Love the way you activate your hips and push your ass out/ Got a nigga wantin' it so bad I'm 'bout to pass out/ Wanna dig you, and I can't even lie about it/ Baby just alleviate your clothes, time to fly up out it/ Catch you at a club, oh shit you got me fiendin'/ Body talkin' shit to me but I can't comprehend the meaning/ Now if you wanna roll with me, then here's your chance/ Doin eighty on the freeway, police catch me if you can/ Forgive me I'm a rider, still I'm just a simple man/ All I want is money, fuck the fame I'm a simple man/ Mr. International, playa with the passport
Just like Aladdin bitch, get you anything you ask for/ It's either him or me, champagne, Hennessy/ A favorite of my homies when we floss, on our enemies/ Witness as we creep to a low speed, peep what a hoe need/ Puff some mo' weed, funk, ya don't need/ Approachin' hoochies with a passion, been a long day/But I've been driven by attraction in a strong way/ Your body is bangin' baby I love it when you flaunt it/Time to give it to daddy nigga now tell me how you want it"
"How Do U Want It" was released on June 4, 1996 as the third single from Tupac's album All Eyez on Me. It features R&B duo K-Ci & JoJo, who at the time were best known as the lead singers of Jodeci. The song samples Quincy Jones's "Body Heat" from his 1974 album, Body Heat and was nominated for a 1997 Grammy. 


Tupac Amaru Shakur aka Lesane Parish Crooks aka 2Pac, Makaveli, & Pac was and still is one of the greatest rap artists to have ever lived.

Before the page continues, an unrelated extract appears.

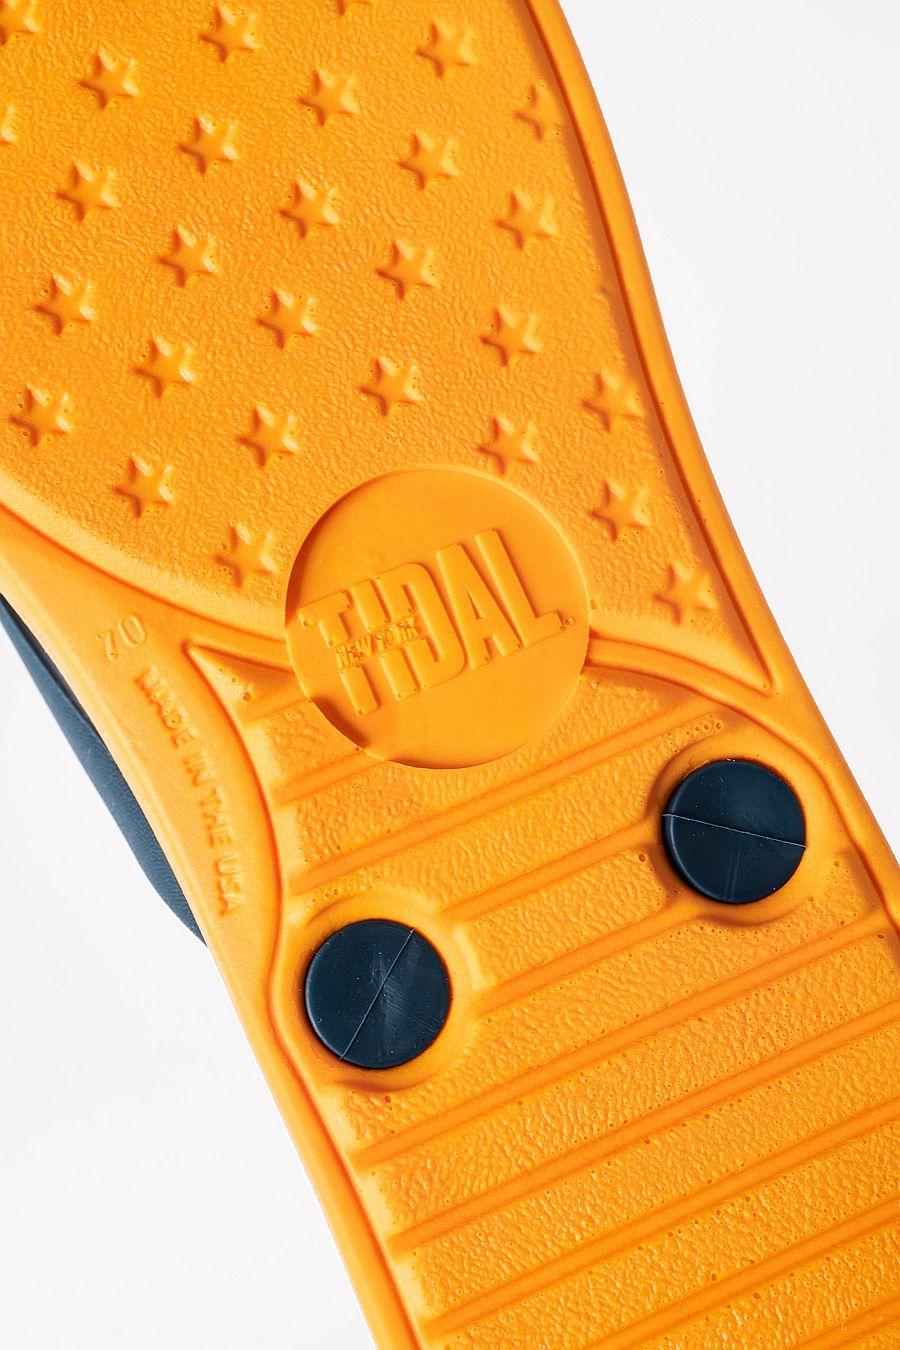 Tidal BUNGALOW Flip Flops - Tangerine/Washed Blue

He's sold over 75 millions albums worldwide and his legend continues to live on as an influence to many of today's rappers. You might know him as the face of the West Coast and label Death Row during their beef with the East Coast represented by Notorious B.I.G, Puff Daddy, and Bad Boy. You might also know him as the dude who was always shirtless, with a bandana tied around the front of his head, and a giant Thug Life tattoo shining across his stomach.

Not only did he put the "gangsta" in gangsta rap, Tupac's songs brought awareness to the violence and hardship in inner cities, racism, and other social issues faced by young black men and women. He expressed this not only in his music, but also through poetry as seen in his book The Rose That Grew From Concrete.